Multi-focal injuries
Another area where care must be taken in determining the success of treatment is in cases where there are multi-focal, (more than one), injuries. Multi-focal injuries are common. In the neck they are usually present as an upper neck cervical facet injury and a lower neck disc herniation. The presence of upper neck pain after a C5/6 fusion does not mean the operation was a failure; it means there is a residual focus of untreated pain at the C2/3 facet. In the lumbar spine, multi-focal injuries can be seen with an injured disc and concomitant facet joint injury. A clue to the problem can be the presence of less intense residual back pain, usually of a different pattern than what was present prior to discectomy.

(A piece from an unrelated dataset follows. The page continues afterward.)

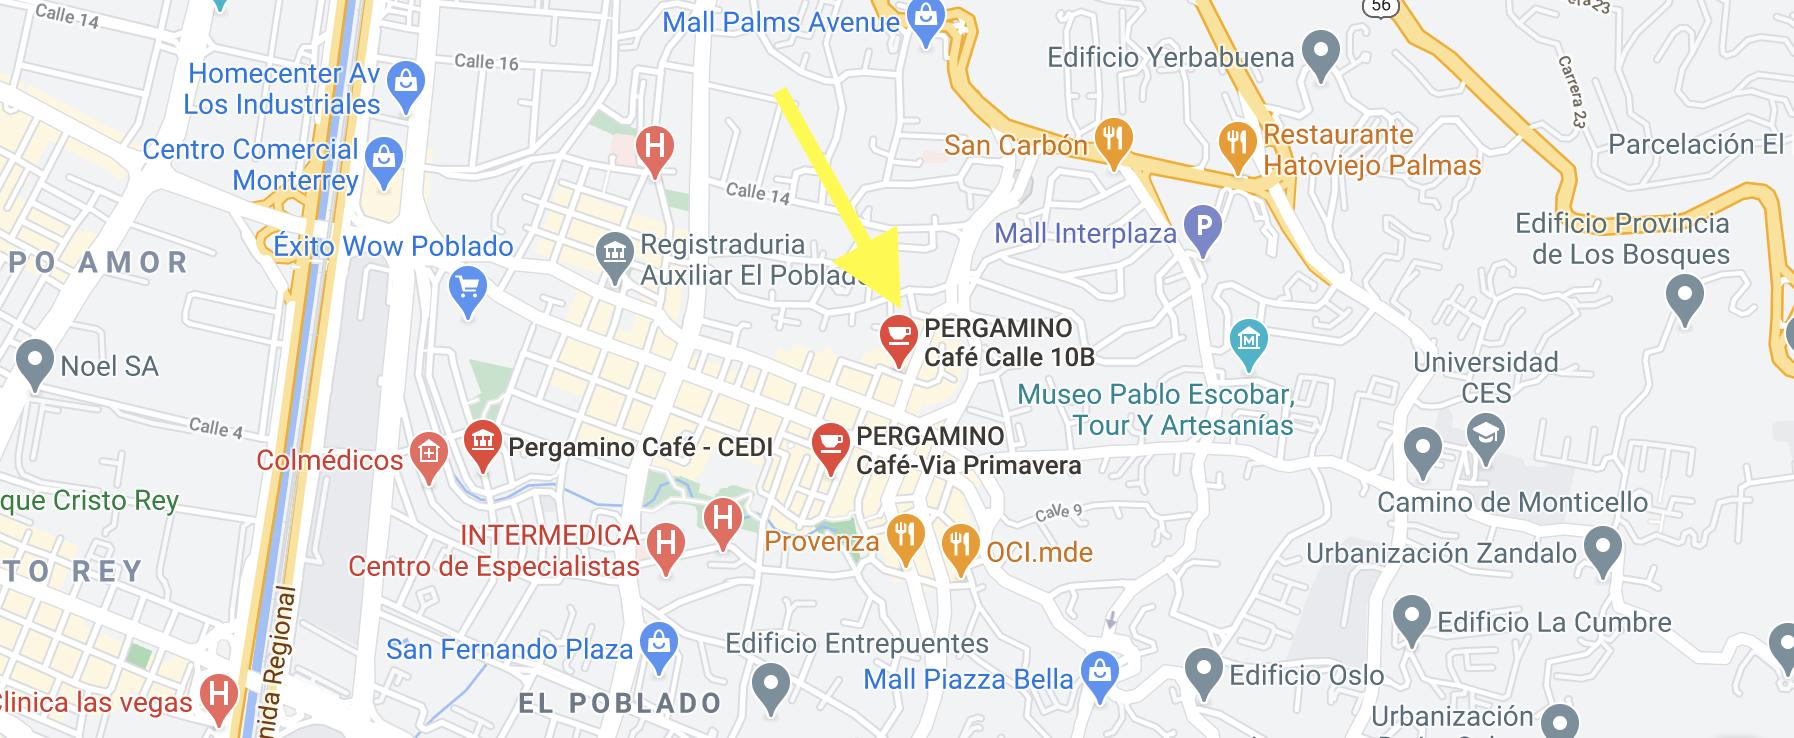 pergamino 2 in hidden part of provenza cafe

Multi-focal problems are common in injury patients, especially those that have withstood high force vehicular injuries. Treating physicians and experts should take care to identify the residual pain sources. Careful identification of the residual pain generators will distinguish the patient as having untreated residual pain, rather than being a treatment faiure.
Surgical Goals
Lastly, the goals of surgery must be considered when determining success. When treating limb weakness due to spinal cord or nerve compression, the goal is to arrest progression, not to reverse it. Residual weakness is not treatment failure, nor is residual back pain. When discectomy is performed for radiculopathy, though often there is back pain improvement, it is not the major goal of surgery. Therefore, relief of leg pain after discectomy in a patient with residual back pain may still be considered a treatment success. Of course, back pain relief should be an achievable goal in procedures performed specifically to address back pain.
Conclusion
It is common for defense experts and defense attorneys to portray a successful surgery as unsuccessful. Doing so may undermine the validity of the entire surgical effort as well as the credibility of the treating surgeon. One can effectively counter such false claims with an understanding of the objective measures of surgical success, the durability of certain procedures and knowledge of the surgical anatomic target and the goals of surgery. This requires a dialogue between the surgeon and the plaintiff attorney and requires the surgeon to employ preoperative and postoperative assessment tools.
Dan Cain, MD
The views expressed are the personal views of the author and do not represent the views of The Brain, Spine and Joint Group, its managers, affiliates, partners, employees or its clients. Furthermore, the information provided by the author is not intended to be expert or legal advice.